Open Preferences and go to the Billing tab. Tax rules are configured here as defaults that apply to all invoices.
Create a new tax rule with a name (e.g., "State Sales Tax" or "GST"), the tax rate (e.g., 7.5% or 5%), and a description.
Choose which invoice items the tax applies to: fees only, expenses only, or both. Some jurisdictions tax legal fees but not disbursements. Configure it to match your local rules.
Save the rule. Going forward, every invoice generated will automatically include the tax calculation as a line item.
Some jurisdictions require multiple taxes (e.g., federal GST plus provincial PST in Canada). You can create multiple tax rules and they will all be applied to invoices. Each appears as a separate line item for transparency.
Check with your accountant about whether legal services are taxable in your jurisdiction. The rules vary widely. Some states tax legal services, others do not. Getting this right from the start saves headaches at tax time.
Not every client or matter follows the same tax rules. TimeNet Law lets you override the firm-level defaults when needed.
Late fee policies encourage prompt payment and compensate you for the cost of carrying unpaid balances.

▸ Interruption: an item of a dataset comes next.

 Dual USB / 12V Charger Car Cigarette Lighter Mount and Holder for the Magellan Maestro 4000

Configure them once, and TimeNet Law applies them automatically to overdue invoices.
Navigate to the late fee configuration in your firm-level billing settings.

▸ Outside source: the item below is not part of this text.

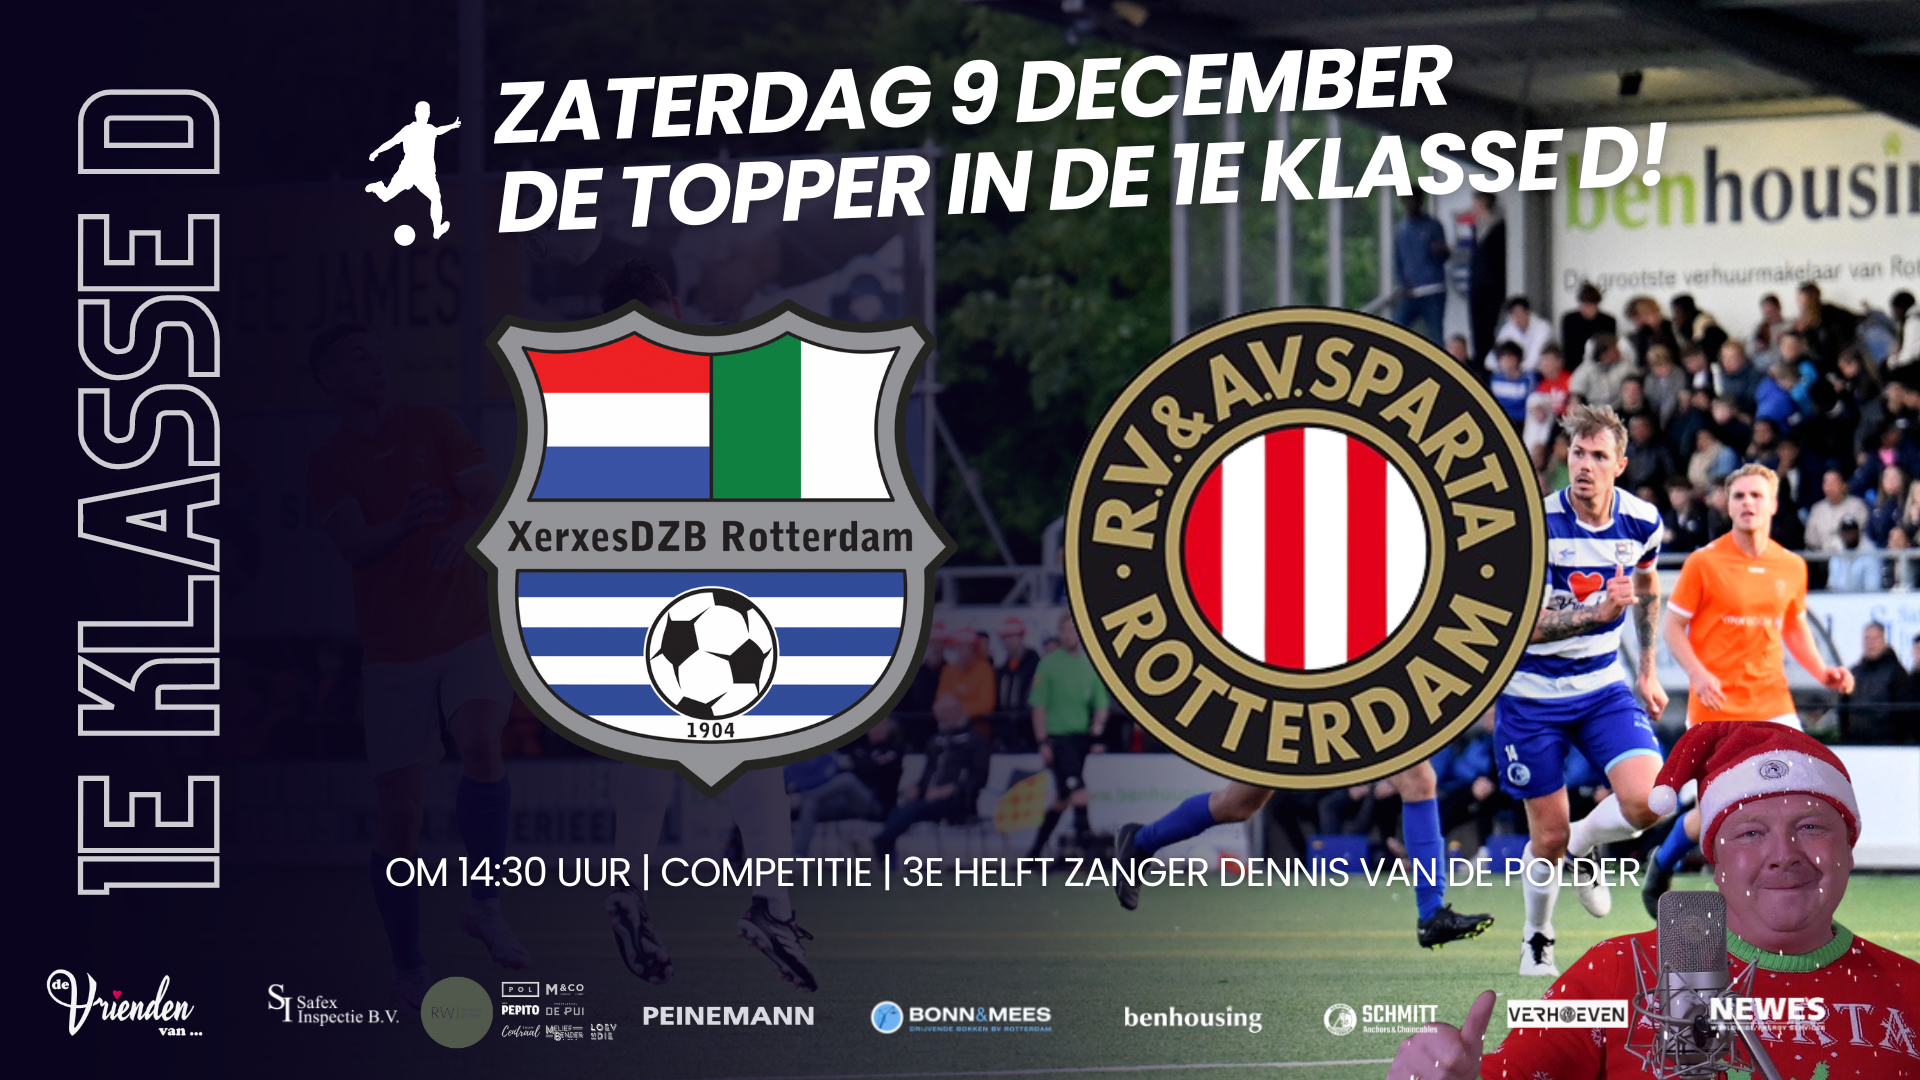 Rotterdamse derby zaterdag bij XerxesDZB!

Select how late fees are calculated:
Define how many days after the due date before late fees kick in. A common grace period is 30 days. Some firms use 15 or even 0 days.
Save your late fee policy. TimeNet Law will automatically calculate and apply late fees to overdue invoices based on your settings.
Include your late fee policy in your engagement letter and on your invoices. Clients should know the terms upfront. A clearly communicated late fee policy is more effective at encouraging prompt payment than a surprise charge months later.
Just like tax rules, late fee policies can be overridden for specific clients or matters.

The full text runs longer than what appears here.